*WHAT IS BEING ASKED*.
Please, could you print all the lines below exactly, leaving out the pictures?

[DATA EXTRACT]

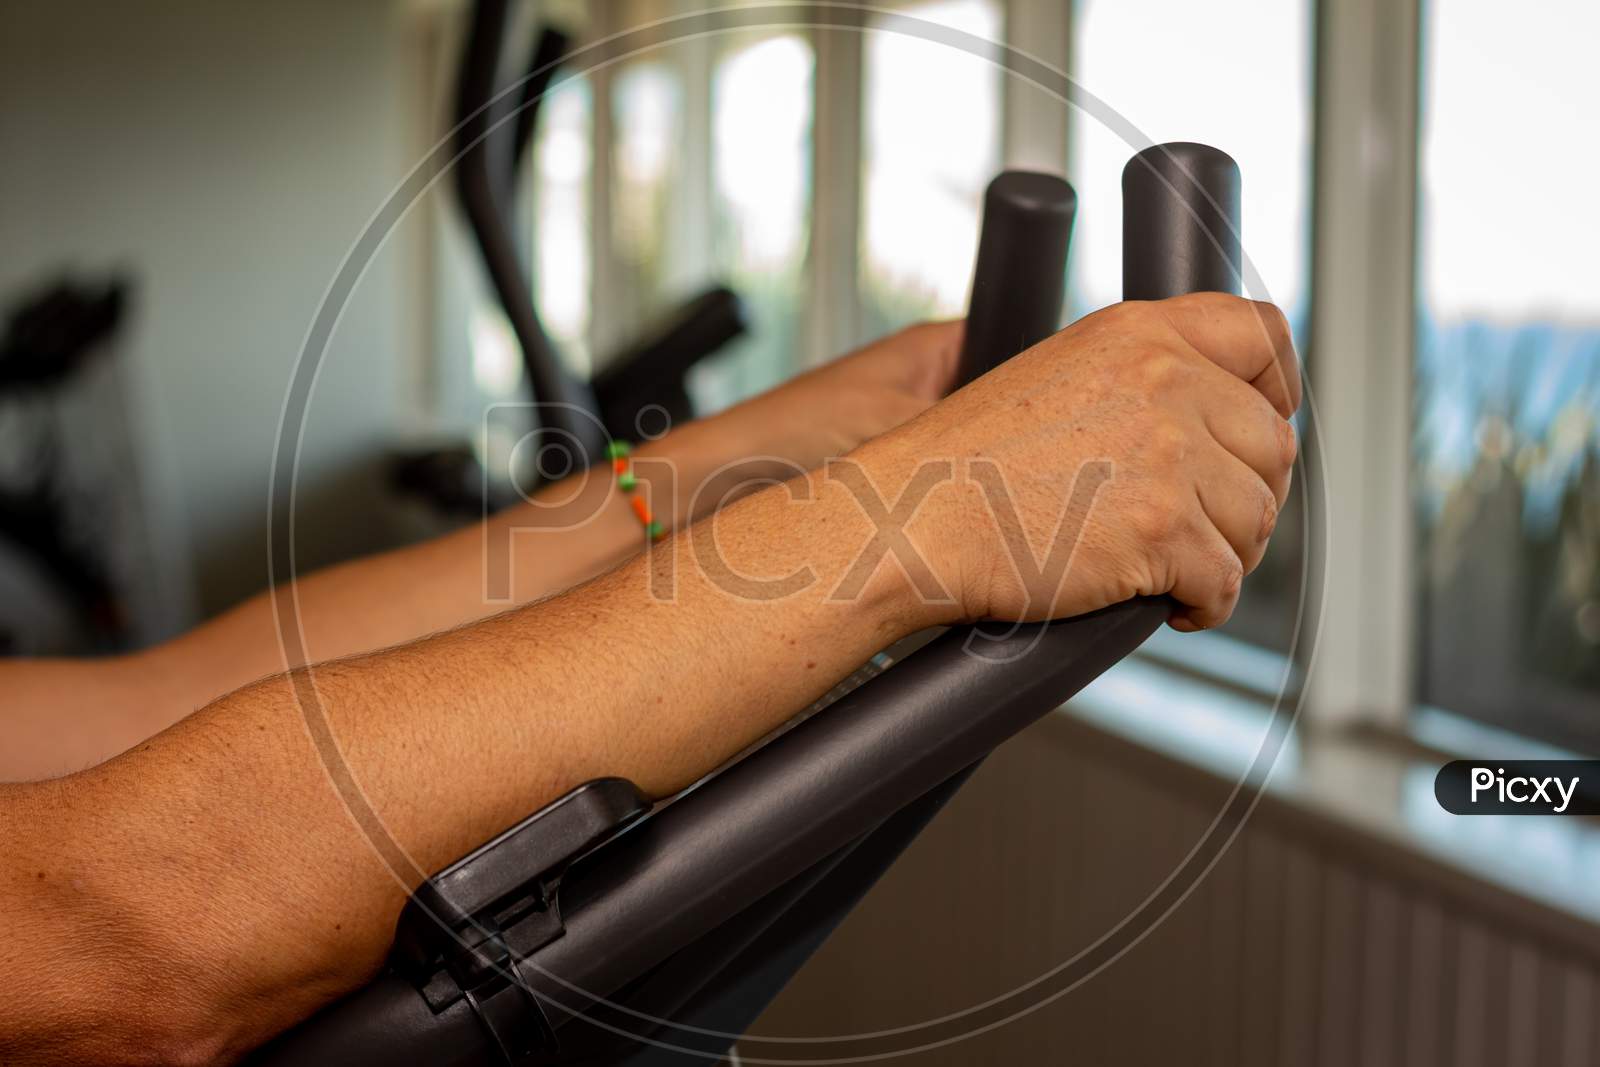 Adult Man Doing Exercise In The Gym. In Machine Doing Aerobic Exercise.
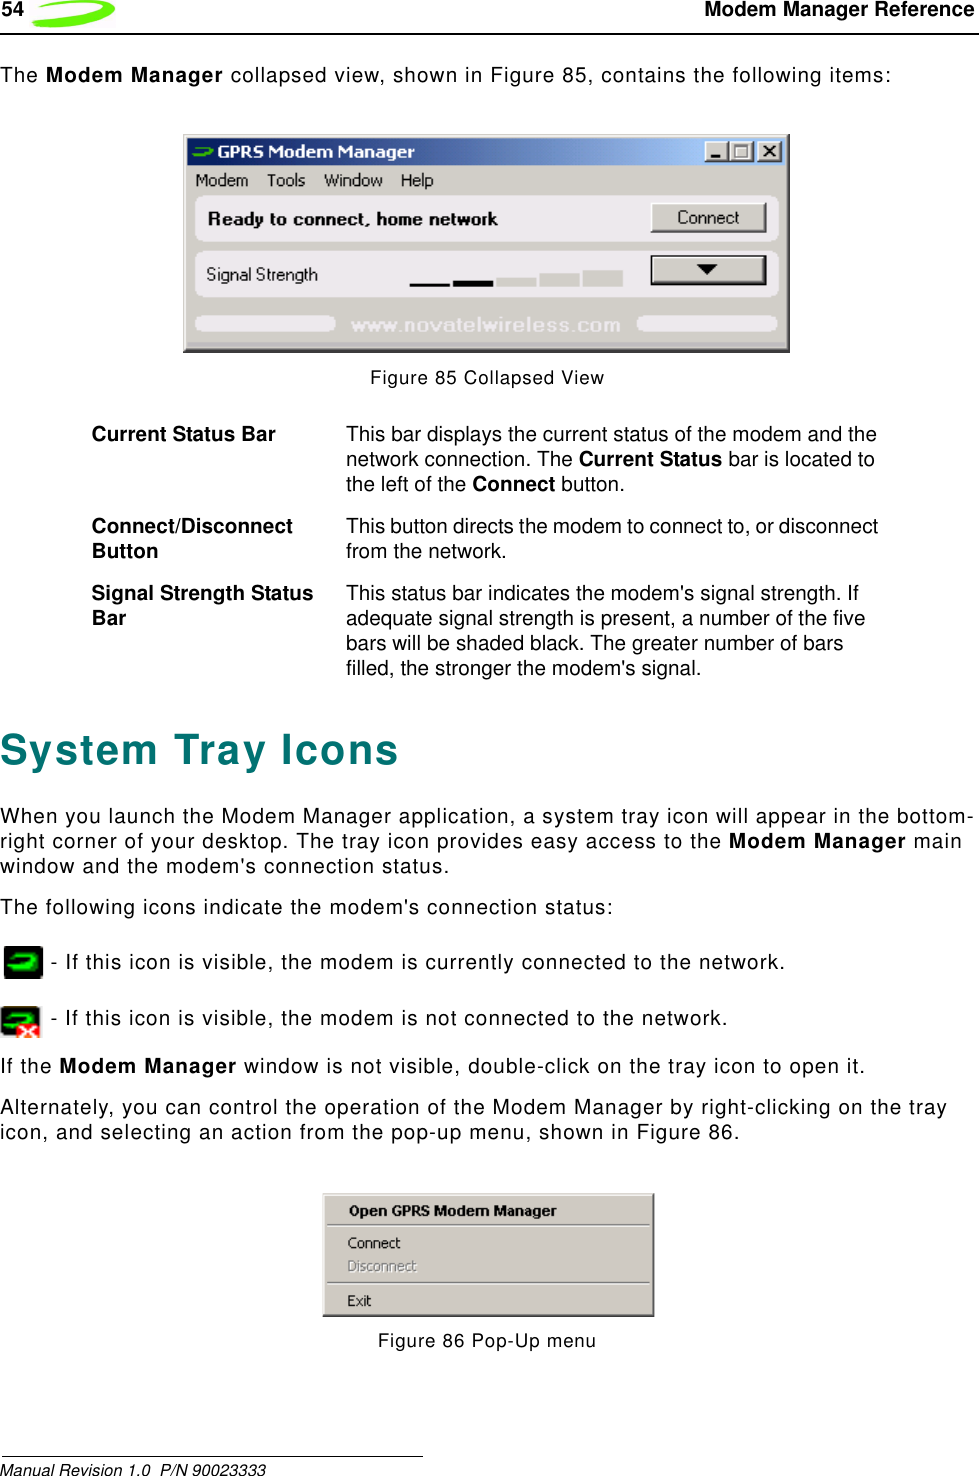 54  Modem Manager ReferenceManual Revision 1.0  P/N 90023333 The Modem Manager collapsed view, shown in Figure 85, contains the following items:Figure 85 Collapsed ViewSystem Tray IconsWhen you launch the Modem Manager application, a system tray icon will appear in the bottom-right corner of your desktop. The tray icon provides easy access to the Modem Manager main window and the modem&apos;s connection status.The following icons indicate the modem&apos;s connection status: - If this icon is visible, the modem is currently connected to the network.  - If this icon is visible, the modem is not connected to the network.If the Modem Manager window is not visible, double-click on the tray icon to open it.Alternately, you can control the operation of the Modem Manager by right-clicking on the tray icon, and selecting an action from the pop-up menu, shown in Figure 86.Figure 86 Pop-Up menuCurrent Status Bar This bar displays the current status of the modem and the network connection. The Current Status bar is located to the left of the Connect button.Connect/Disconnect Button This button directs the modem to connect to, or disconnect from the network.Signal Strength Status Bar This status bar indicates the modem&apos;s signal strength. If adequate signal strength is present, a number of the five bars will be shaded black. The greater number of bars filled, the stronger the modem&apos;s signal.
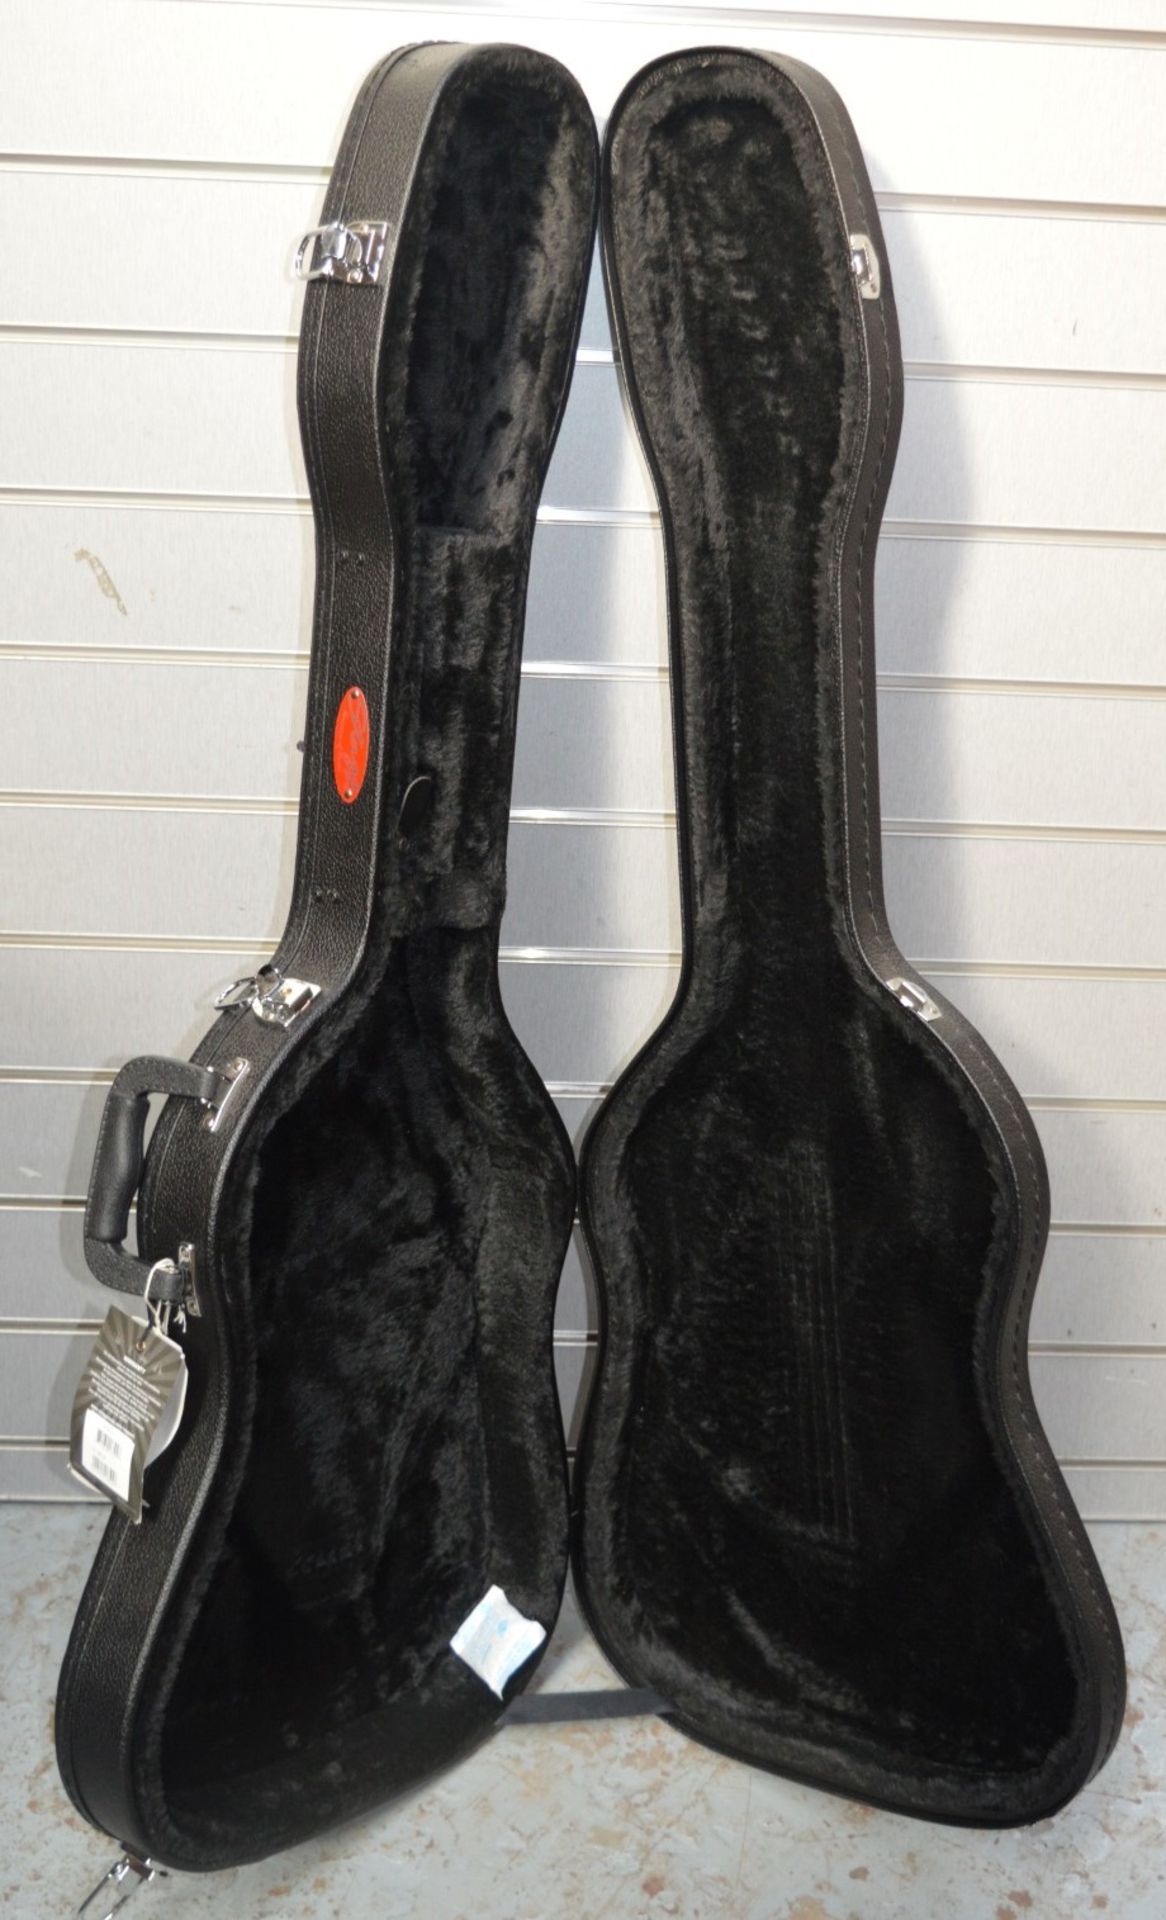 1 x Stagg Basic Electric Hardshell Shaped Guitar Case - CL020 - Ref Pro97 - Location: Altrincham - Image 8 of 8

[/DATA EXTRACT]

*YOUR SOLUTION*.
 Adult Man Doing Exercise In The Gym. In Machine Doing Aerobic Exercise.
 54  Modem Manager ReferenceManual Revision 1.0  P/N 90023333 The Modem Manager collapsed view, shown in Figure 85, contains the following items:Figure 85 Collapsed ViewSystem Tray IconsWhen you launch the Modem Manager application, a system tray icon will appear in the bottom-right corner of your desktop. The tray icon provides easy access to the Modem Manager main window and the modem&apos;s connection status.The following icons indicate the modem&apos;s connection status: - If this icon is visible, the modem is currently connected to the network.  - If this icon is visible, the modem is not connected to the network.If the Modem Manager window is not visible, double-click on the tray icon to open it.Alternately, you can control the operation of the Modem Manager by right-clicking on the tray icon, and selecting an action from the pop-up menu, shown in Figure 86.Figure 86 Pop-Up menuCurrent Status Bar This bar displays the current status of the modem and the network connection. The Current Status bar is located to the left of the Connect button.Connect/Disconnect Button This button directs the modem to connect to, or disconnect from the network.Signal Strength Status Bar This status bar indicates the modem&apos;s signal strength. If adequate signal strength is present, a number of the five bars will be shaded black. The greater number of bars filled, the stronger the modem&apos;s signal.
 1 x Stagg Basic Electric Hardshell Shaped Guitar Case - CL020 - Ref Pro97 - Location: Altrincham - Image 8 of 8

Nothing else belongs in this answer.